Yes for your largely (not all that) liberal law faculties and their graduates one thing counts -- what will this do for our rating.  These are the well-meaning, I'm for the little man, do you need a hug, sharing, how did that make you feel, may I pat your comfort dog, don't buy Nike, boycott Nestles, give the tomato pickers a penny, sensitive, multiple ways of learning, Meyers-Briggs, people who are willing to take money away from those who need it and and might do something with the support and hand it over to someone who did well on a multiple choice exam that has a suspect relationship with success at anything including attending law school.

My hat is off to any faculty anywhere that musters up as many as ten people who go to the dean's office and say "Stop" subordinating anything to rankings.

Until then, law faculties, the world has your number. And unless you've got the stones to stop your own school please don't throw any stones at FSU just because they are better at it,

Wednesday, December 10, 2014

OK We are Done Here: Research-Wise I Mean



I was 99.9999% convinced that legal scholarship is anything but scholarship and, even when it is, almost no one reads it. Based on my research of legal research it's also clear that almost no one relies on any thing found in law review articles other than to skim off some facts.

But now I am confronted with a study on the citation rate of men and women. I mean, as I understand the question, which gender gets cited more relatively speaking.

I could not understand all of the article but if women are cited more often then men (relatively speaking) there are some very important policy implications that follow. I will list only the top ten.

1. Women write better articles. I am not sure what "better" means but what difference does it make?

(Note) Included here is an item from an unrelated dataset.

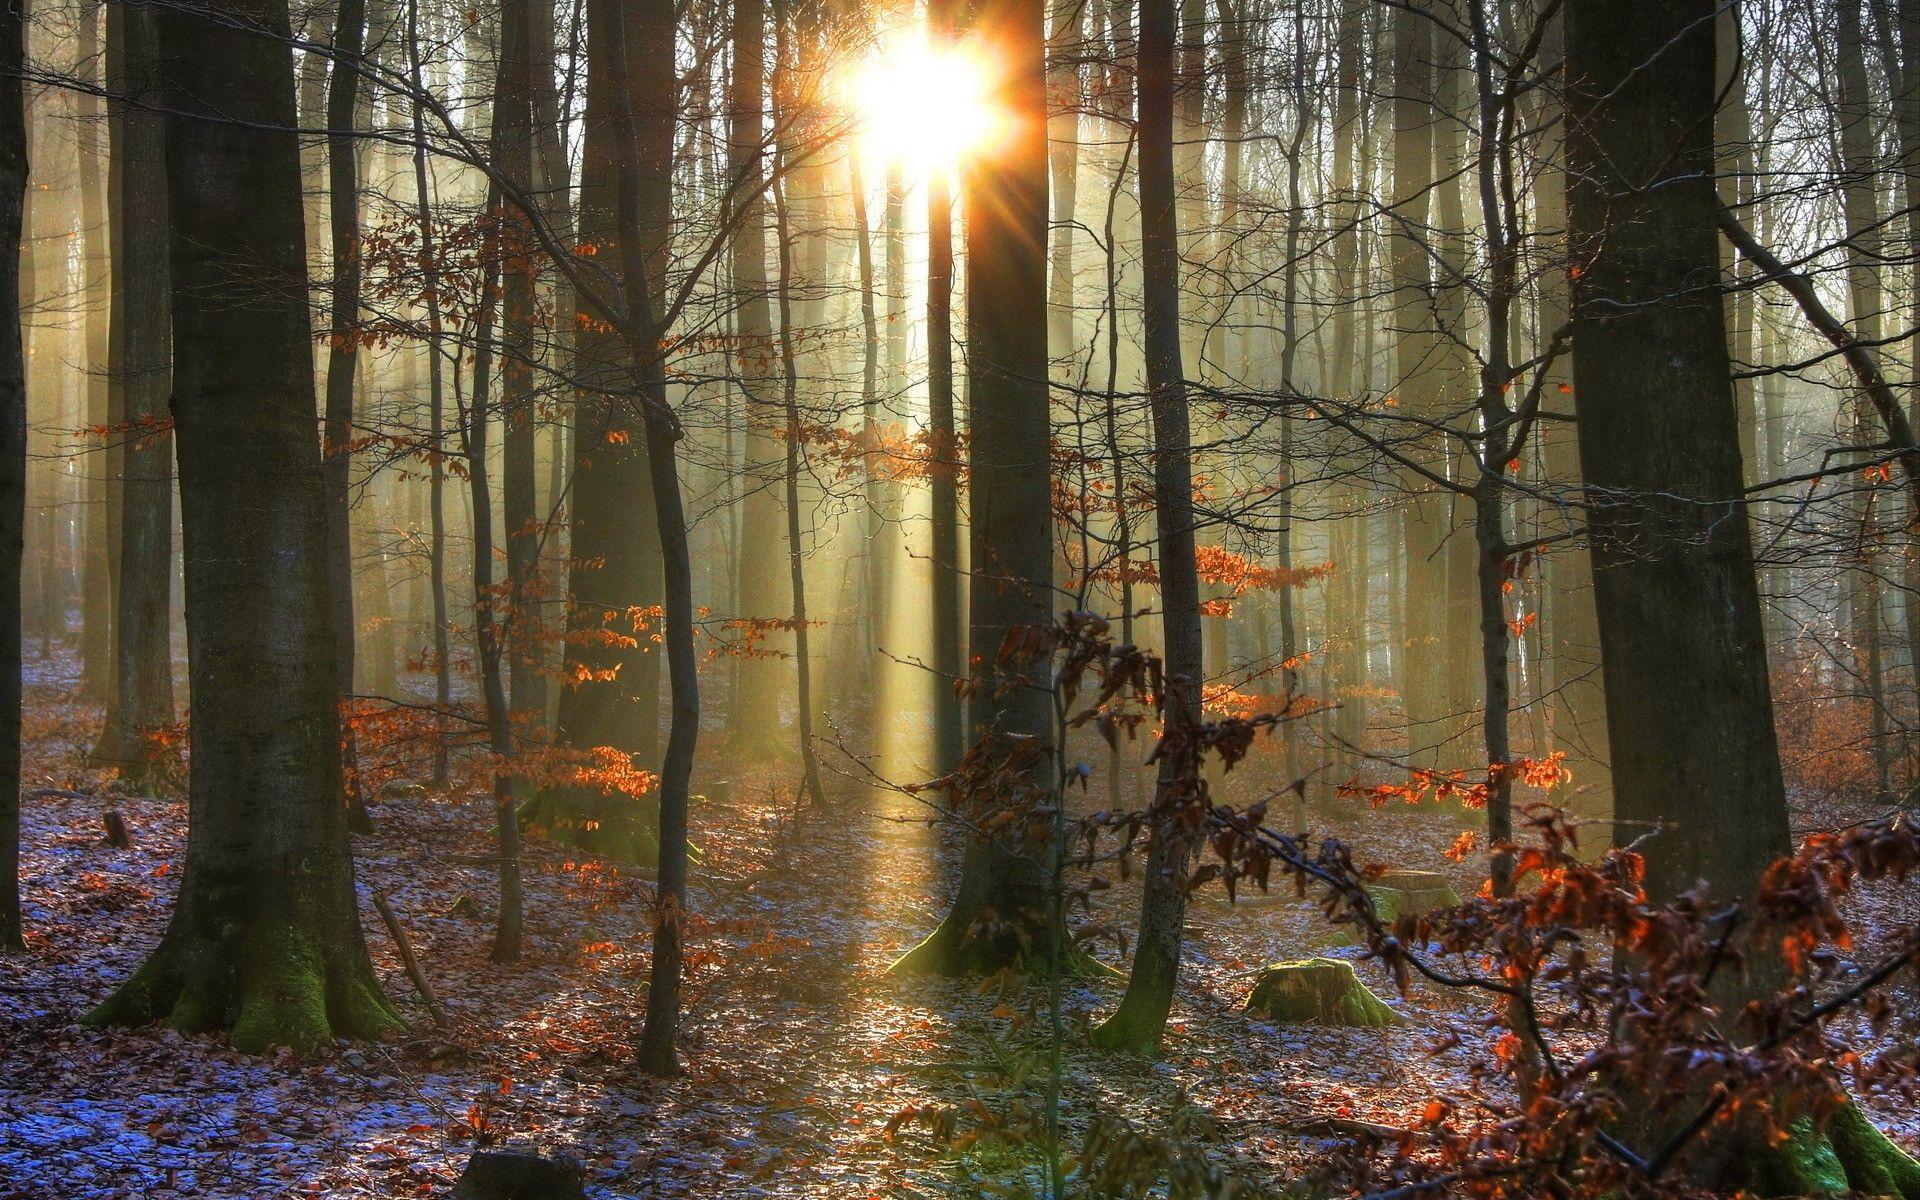 Landscapes Forest Woods Trunks Sunlight Sunrise Sunset Beam Rays Tree Forest Landscape Tree

2. Women write articles that are more likely to appeal to all genders than men do.

3. Women cite each other more than men do.

4. We should hire only women because they are cited more and this would impress someone somewhere because goodness knows citation is what it is all about.

5. Each man's citation should count 1.000009 and each woman's citation should count as 1 in order to off set the gender bias in citation.

6. Anyone citing someone based on the gender of the author is making an important political statement and, as a minor aside,  admitting he or she is an idiot.

7. If I could get more in touch with my feminine side I could get more citations.

8. Men need to get wise and coauthor more articles with women.

9. Further research is needed to determine if citations are also biased by weight, height, time in the 100 meter dash, color of hair, type of car driven, what you had for dinner, or where one teaches or went to school. (Opps, we already know the answers to the last two.)

10. Finally,  the last possible topic for anyone in law teaching to write about has been written about and so we are finally done. Close the door, turn out the lights.